Aim of the exercise: Pictures stay out, but every line of the data is copied exactly.

Data excerpt:
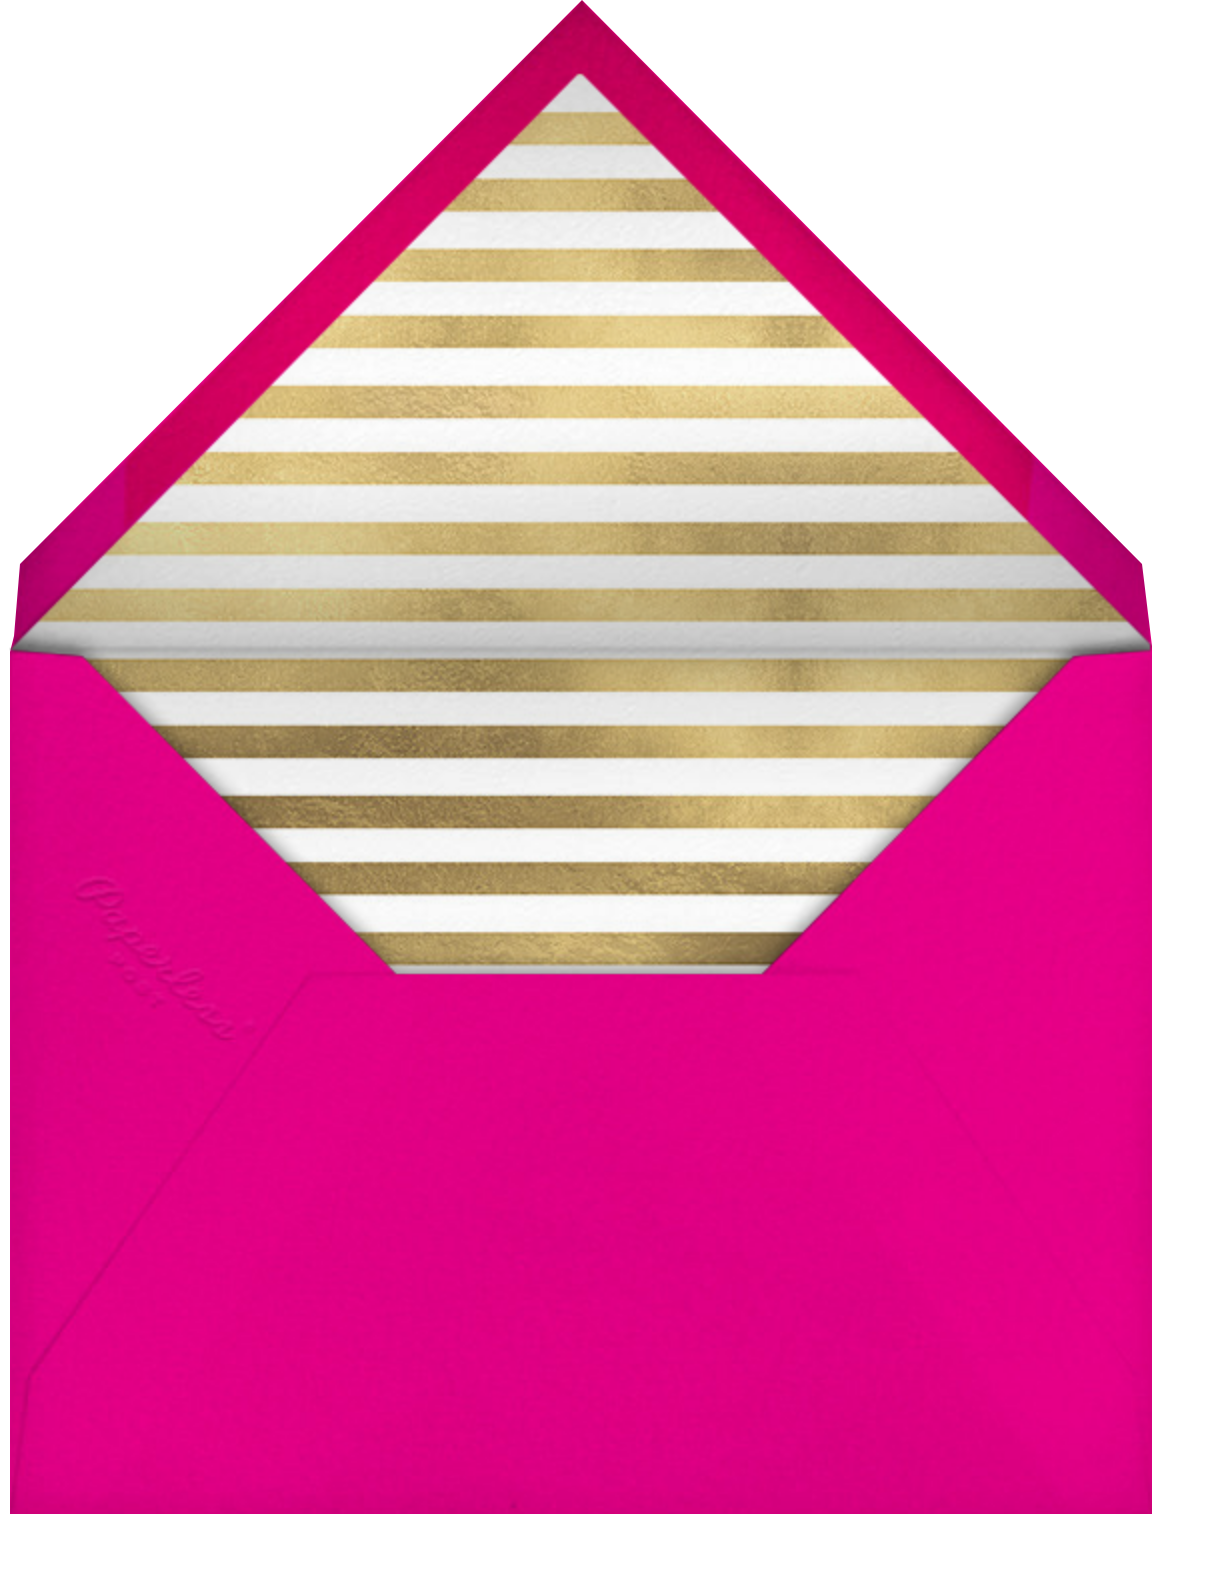 Warm Wishes - kate spade new york - Envelope
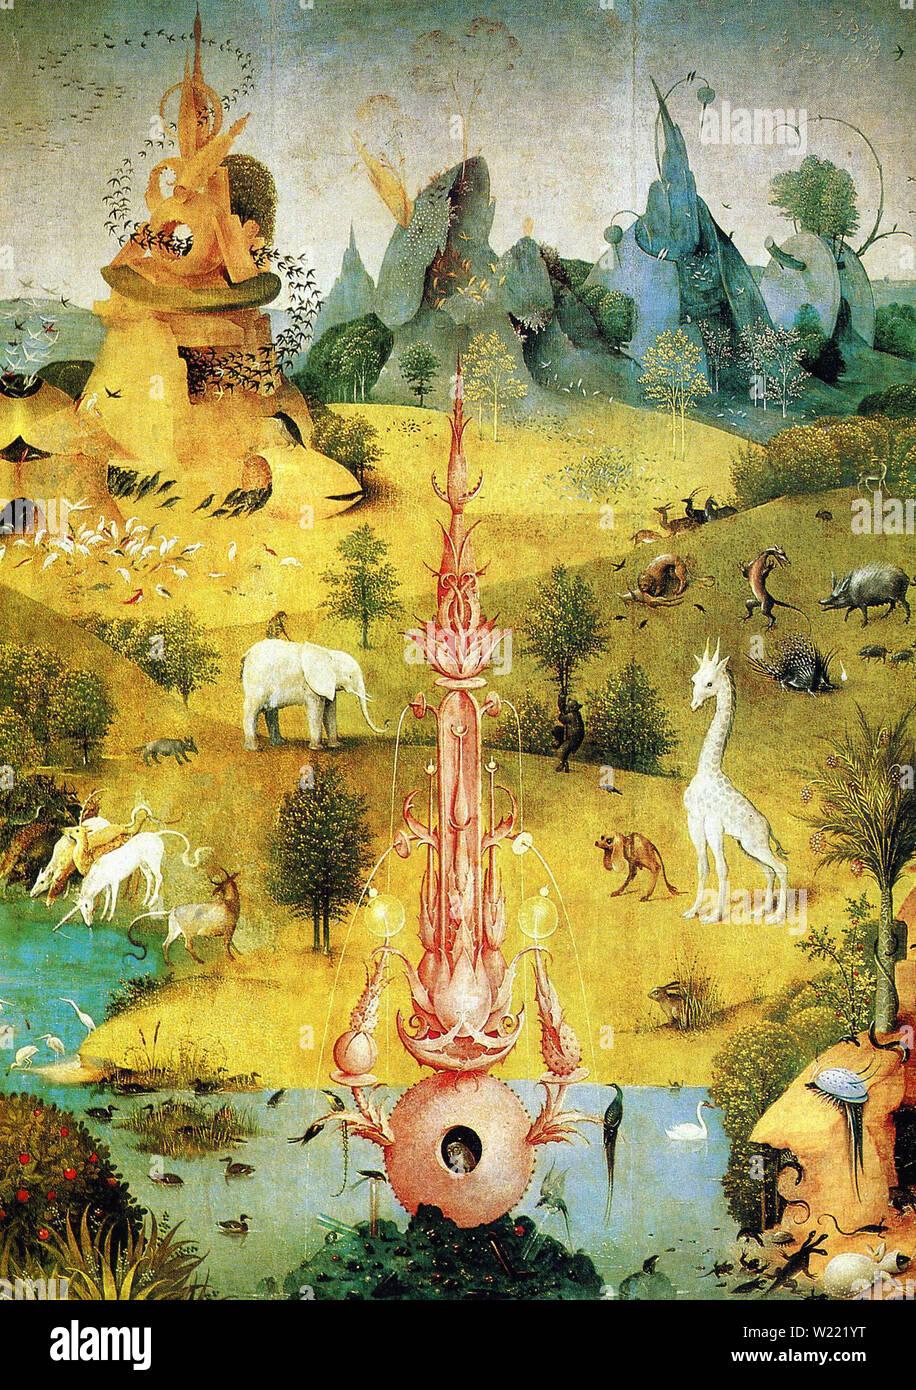 Bosch , Garden Earthly Delights Stock Photo 259430300 , Alamy
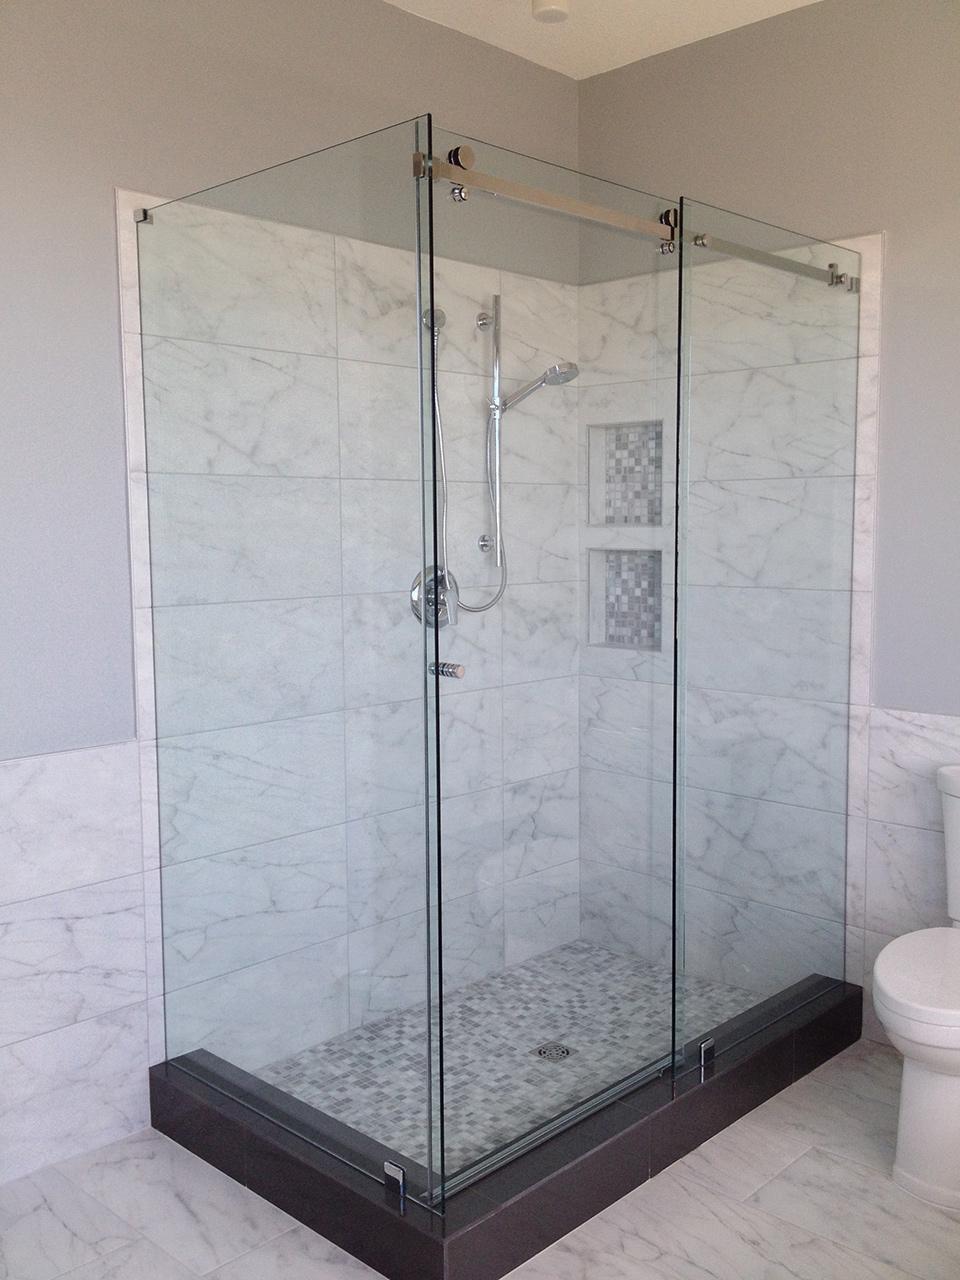 Funky Double Shower Doors Crest Bathtub Ideas
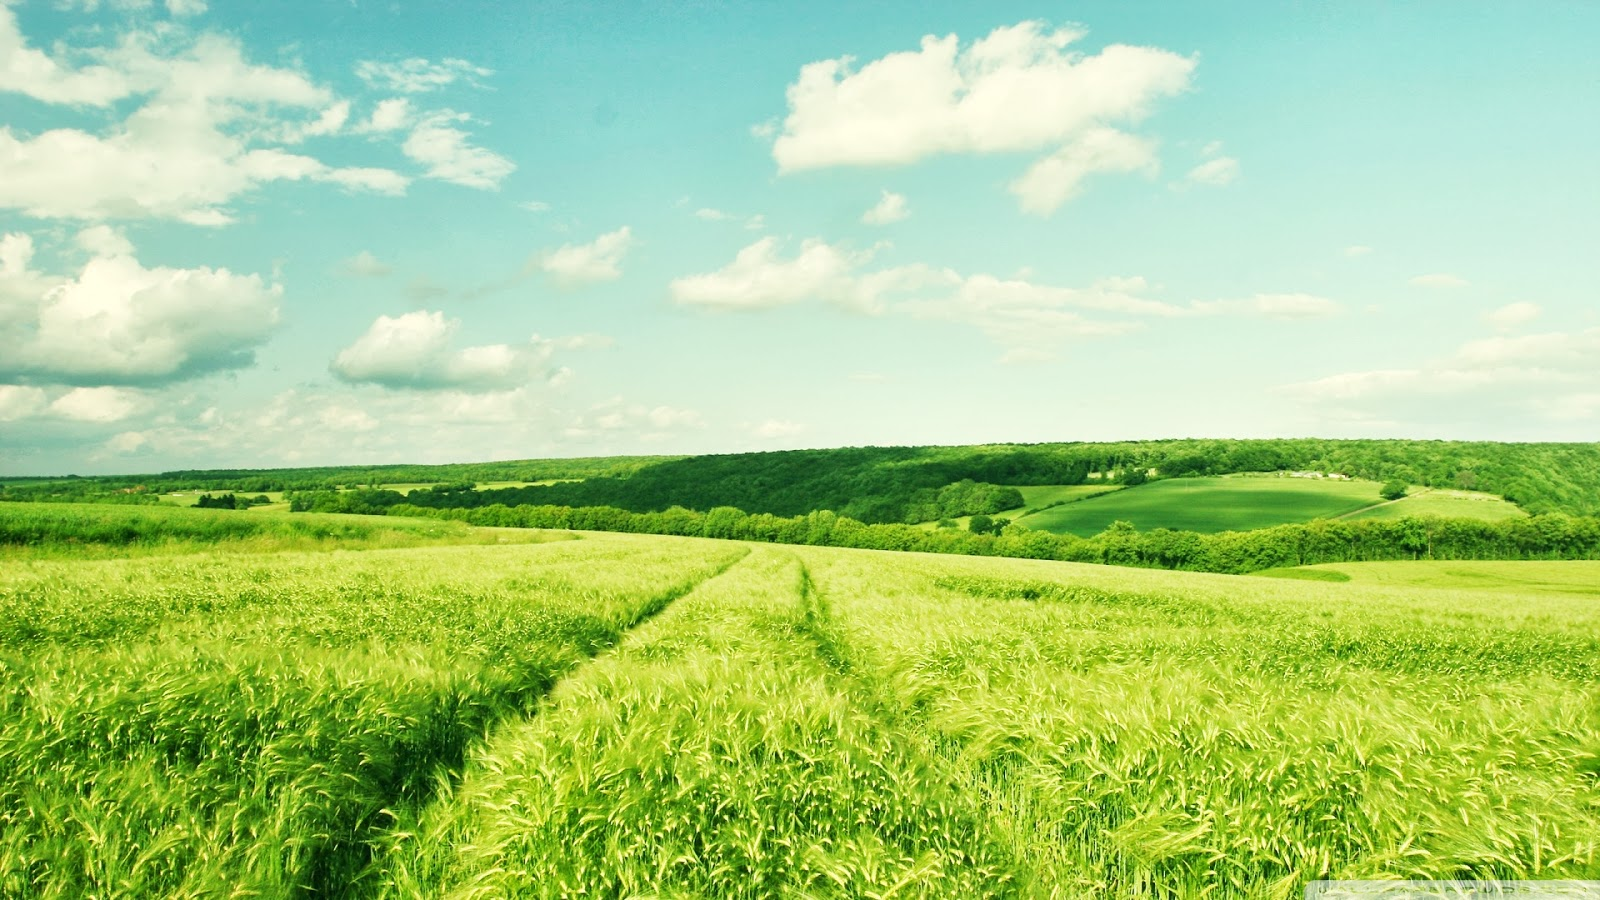 Summer Nature Desktop Background Apps Directories 1600x900

Task response:
 Warm Wishes - kate spade new york - Envelope
 Bosch , Garden Earthly Delights Stock Photo 259430300 , Alamy
 Funky Double Shower Doors Crest Bathtub Ideas
 Summer Nature Desktop Background Apps Directories 1600x900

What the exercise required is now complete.